Eu não quero causar polémica, mas acho que o problema é que os algoritmos são feitos para contentar a maioria. E não conseguem distinguir o parvo do inteligente, o selectivo, do volúvel promíscuo da corrente dominante, o preciosista, do abandalhado curioso. Não reconhecem a qualidade e guiam-se, religiosamente, pela quantidade. São cegos, rombos, surdos na sua essência mecânica. E têm ADN norte-americano, na sua origem pragmática, de cheiro rural a faroeste - dispara primeiro, e pensa depois...

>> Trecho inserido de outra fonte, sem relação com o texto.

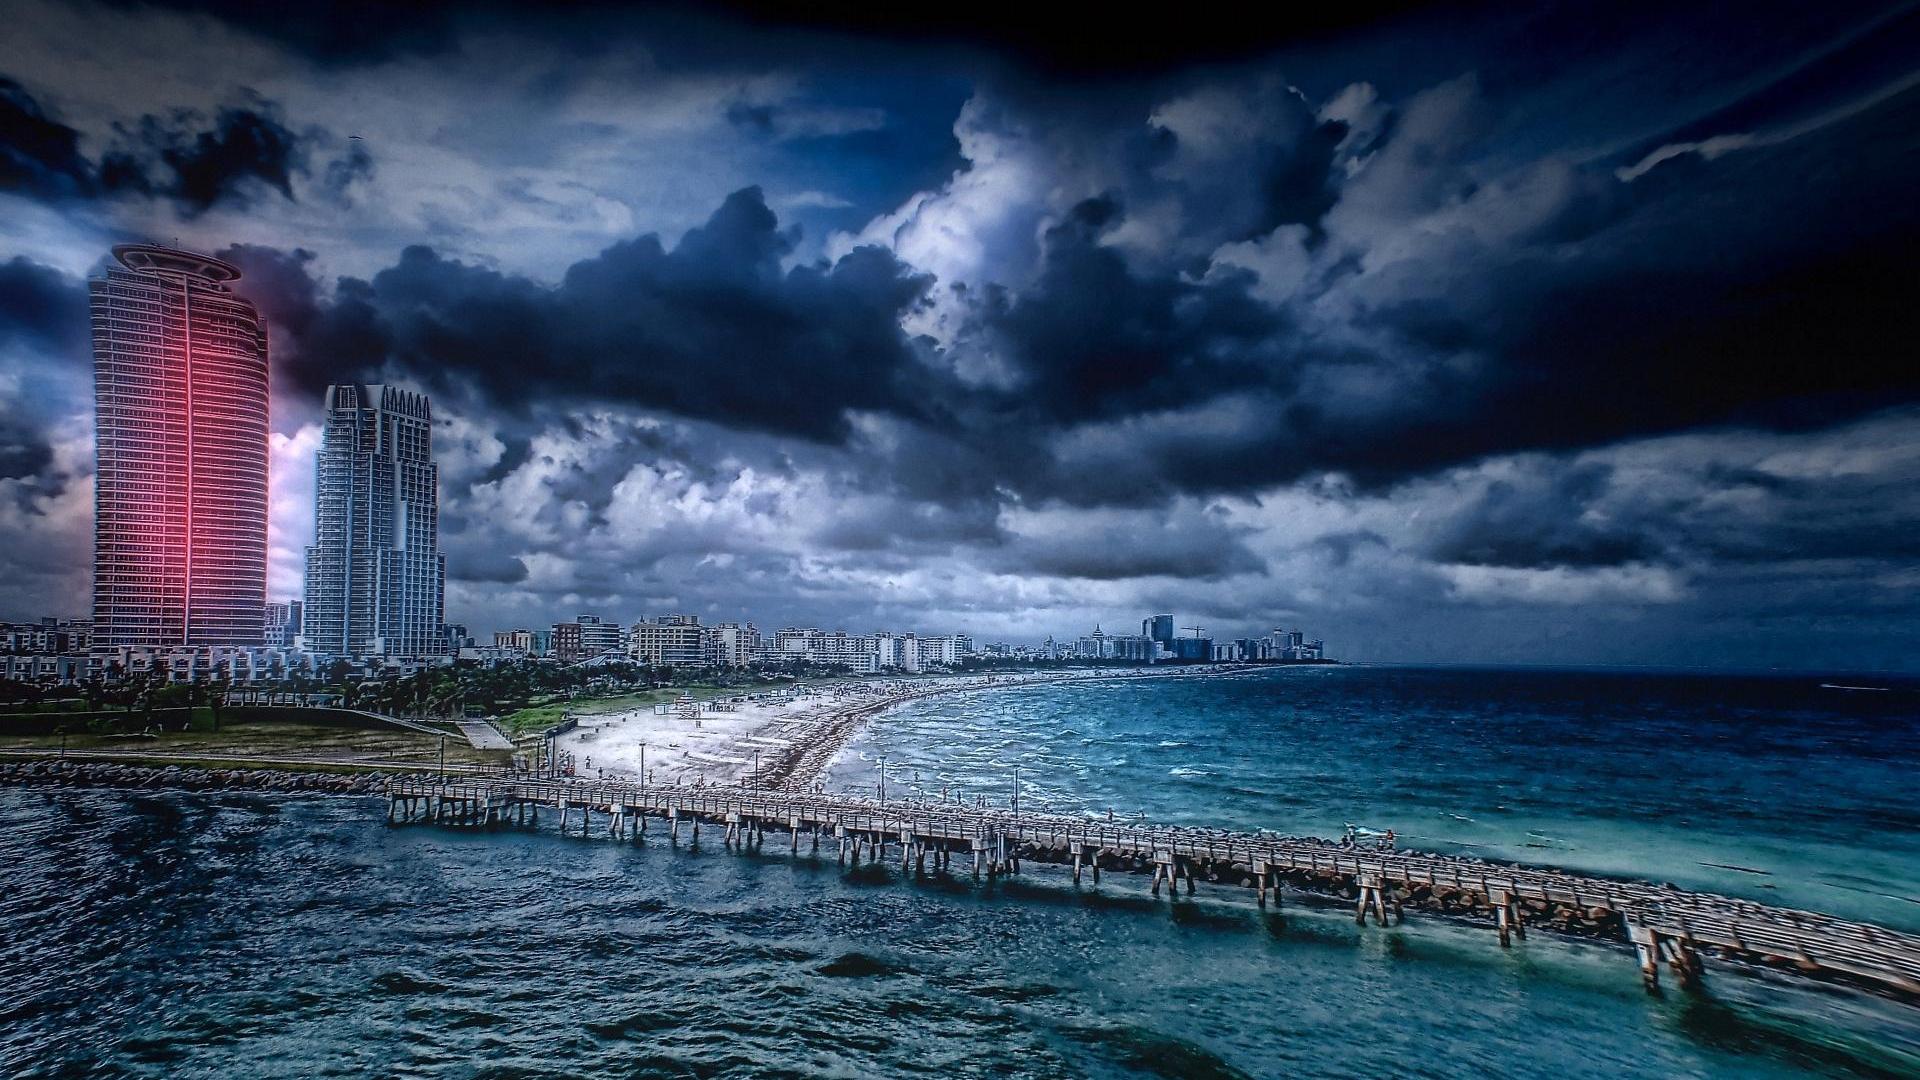 Beach Thunderstorm Wallpaper: Virginia Beach Wallpaper Desktop

sexta-feira, 8 de agosto de 2014

Haja deus!


O Youtube eliminou-me, finalmente, o "cara mole de plasticina" e "trejeitos de gelatina" (ver poste "Os algoritmos e o Youtube, outra vez", de 6/7/14), da lista de recomendações robóticas! Não há nada como reclamar...

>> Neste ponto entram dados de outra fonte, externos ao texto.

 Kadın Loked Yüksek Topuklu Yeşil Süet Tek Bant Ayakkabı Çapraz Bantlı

quarta-feira, 6 de agosto de 2014

Os algoritmos e o Youtube, outra vez


Não discuto a prática rentável, para o produtor, do uso dos algoritmos. Que implica, no entanto, e dispensa a inteligência humana, a todo o momento, na sua usura de poupança de forças de trabalho vivas. E não descarto a hipótese de que, registando tudo (até os resultados obtidos e as reclamações), esse produtor (neste caso, o Youtube) atenda e corrija a sua prática, em relação ao utente e potencial cliente.
E digo isto porque, tendo eu feito um poste (12/7/2014) em que me queixava das deprimentes e sucessivas recomendações de audição do A. Rieu(-Quim Barreiros), o Youtube emendou a mão, 2 ou 3 dias depois, e deixou de me recomendar a detestável criatura. Na sua cegueira, porém, muito raramente inclui Pascal Comelade (não será recomendável, para o Youtube?), de que eu uso e abuso, aqui, no Arpose.
Já aqui tenho falado nos ódios estimação. Desde sempre, que o Youtube me tenta impingir vídeos de audição do Philippe Jaroussky. Quer vendê-lo a todo o preço, no fundo, marimbando-se para o gosto dos utentes. Se tenho de aceitar, para ser justo, que a criatura até tem boa voz, não consigo suportar-lhe a cara mole de plasticina, nem os seus trejeitos de gelatina... É demais, para mim.
Aqui o digo, a ver se o Youtube me ouve e atende à minha reclamação, mais uma vez. Oxalá!

sábado, 12 de julho de 2014

Os algoritmos, ou as parvoíces mecânicas


 A fazer fé na definição sucinta e comum, o algoritmo é uma "sequência finita de instruções definidas e não ambíguas, que podem ser executadas mecanicamente".
Ou seja, e por palavras minhas, é uma ordem dada, eventualmente a um robot ou motor de busca que, na sua estandardização ou generalização abusiva, e na sua inerte mentalidade (?) alternativa, está eivada de boçalidades subjectivas e mecânicas.
Só assim eu posso compreender que, quando eu clico "Youtube", o painel que abre me recomende duas ou três audições indigentes de André Rieu, que é uma espécie de Quim Barreiros da música clássica mais rasteira; ou, pior ainda, que desde a véspera da visita de Letizia e Filipe VI, a Portugal, e sendo eu republicano, me inunde de "recomendados" do canal CasaRealTV (espanhola), com que não sinto a menor afinidade...
Arre!, que são burros, estes algoritmos!